In the PhyloGibbs program [22], there were a total of 21 TF data sets in the "Not-recovered" list where we could compare our results and in those cases, both programs made 16 correct predictions, although not always for the same TF motif (Table 4, Additional File 1: Supporting Table 2). In comparison to the method of Tree Gibbs Sampler [17, 23], which was applied to a subset of the 15 "Not-recovered" TFs, c-REDUCE with 1 MM/S made more correct predictions and less false positive predictions (Table 4, Additional File 1: Supporting Table 3). Finally, for Converge and PhyloCon [21] results for almost all of the "Not-recovered" cases were reported in their "Additional File 2". c-REDUCE was able to correctly predict ~65% of the motifs, while PhyloCon and Converge predicted ~26% and ~41% respectively (Table 4, Additional File 1: Supporting Table 4). Only when their predictions were combined did these two programs have more similar accuracy to c-REDUCE.

Table 4 Summary of comparisons of c-REDUCE (1 MM/S) with other programs on 37 "not-recovered" cases.

There are some caveats regarding the comparisons between methods. We use reported successes by the authors since motif predictions were not always provided and the evaluation criteria, typically for predicted position weight matrices, were usually quite different from those for the c-REDUCE oligo predictions. For Tree Gibbs Sampler [17, 23], we could make a more direct comparison because the authors provided all consensus motifs for their predictions and their reported evaluation criteria could be used to compare the c-REDUCE oligos with the known motif. However, the Tree Gibbs Sampler evaluation may be at a disadvantage to c-REDUCE because degenerate symbols were not used to construct their consensus motifs. Because of this, the Tree Gibbs Sampler incorrect predictions were manually checked with a more relaxed criteria allowing for more mismatches, but the results in Table 4 did not change.

Application to insect data

To investigate the performance of c-REDUCE on more diverse species, we applied our method to insect data.
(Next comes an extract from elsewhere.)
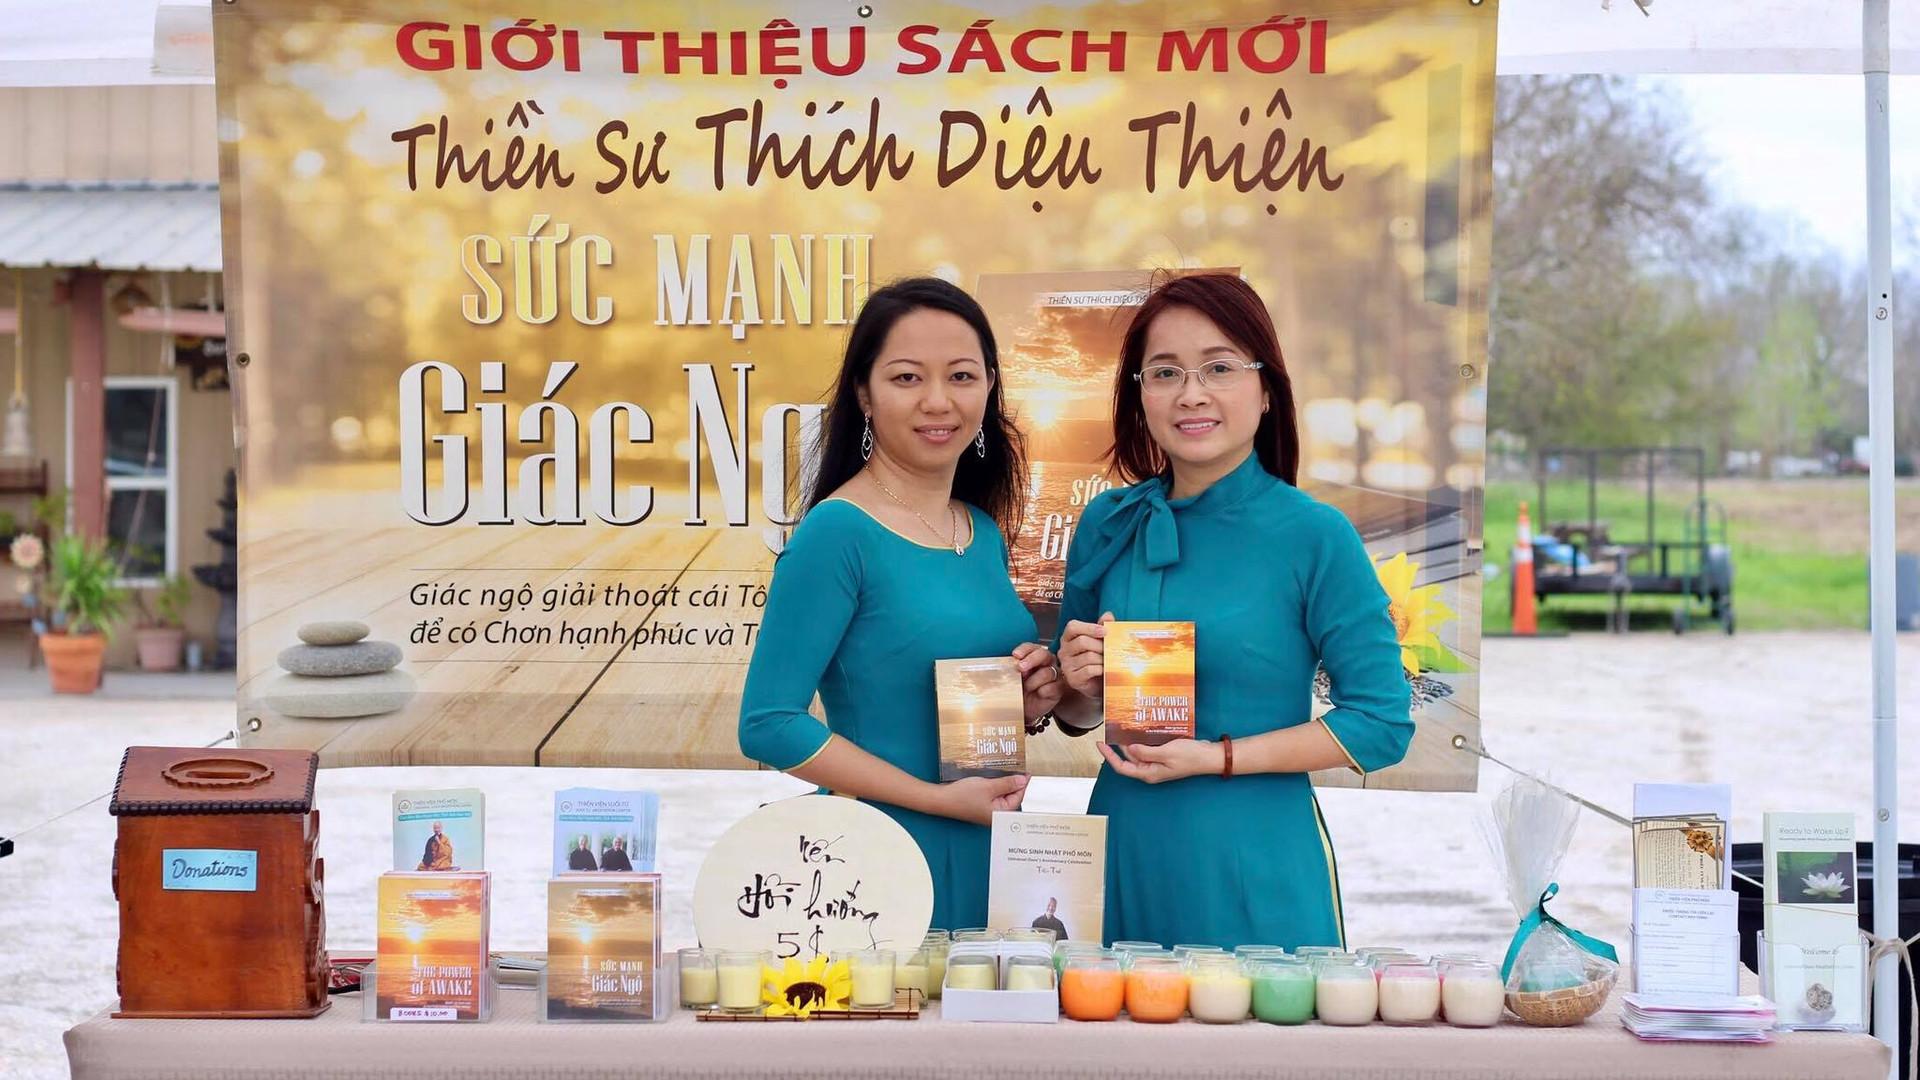 Le Thuong Nguyen 2018 21.jpg

To predict the binding site motif for the Drosophila (fruit fly) transcription factor Dorsal, we applied c-REDUCE to data from a microarray study on Dorsal targets [24] and 5 kilobase upstream sequences from four insect species (See Methods). Dorsal is important for the initiation of tissue differentiation in the early embryo and many of its target genes are sequence-specific transcription factors. The experiment in [24] determined genome-wide expression levels comparing mutant embryos that contain no Dorsal protein (none) or uniformly high levels (high) or low levels (low) of Dorsal throughout the embryo. Known Dorsal binding sites are represented by the consensus sequences GGGWWWWCCM or GGGWDWWWCCM [25]. Table 5 summarizes the results of running c-REDUCE on the Dorsal data. For all three comparisons (high vs. none, high vs. low, low vs. none) the top predicted oligo matched the consensus Dorsal binding sites using exact matches. REDUCE, without the conservation information, was unable to predict this binding site, although it did predict the motif ACCCC for high vs. none (-log10 p-value = 3.15) and high vs. none (-log10 p-value = 4.71) but it is not an exact match to the known motif.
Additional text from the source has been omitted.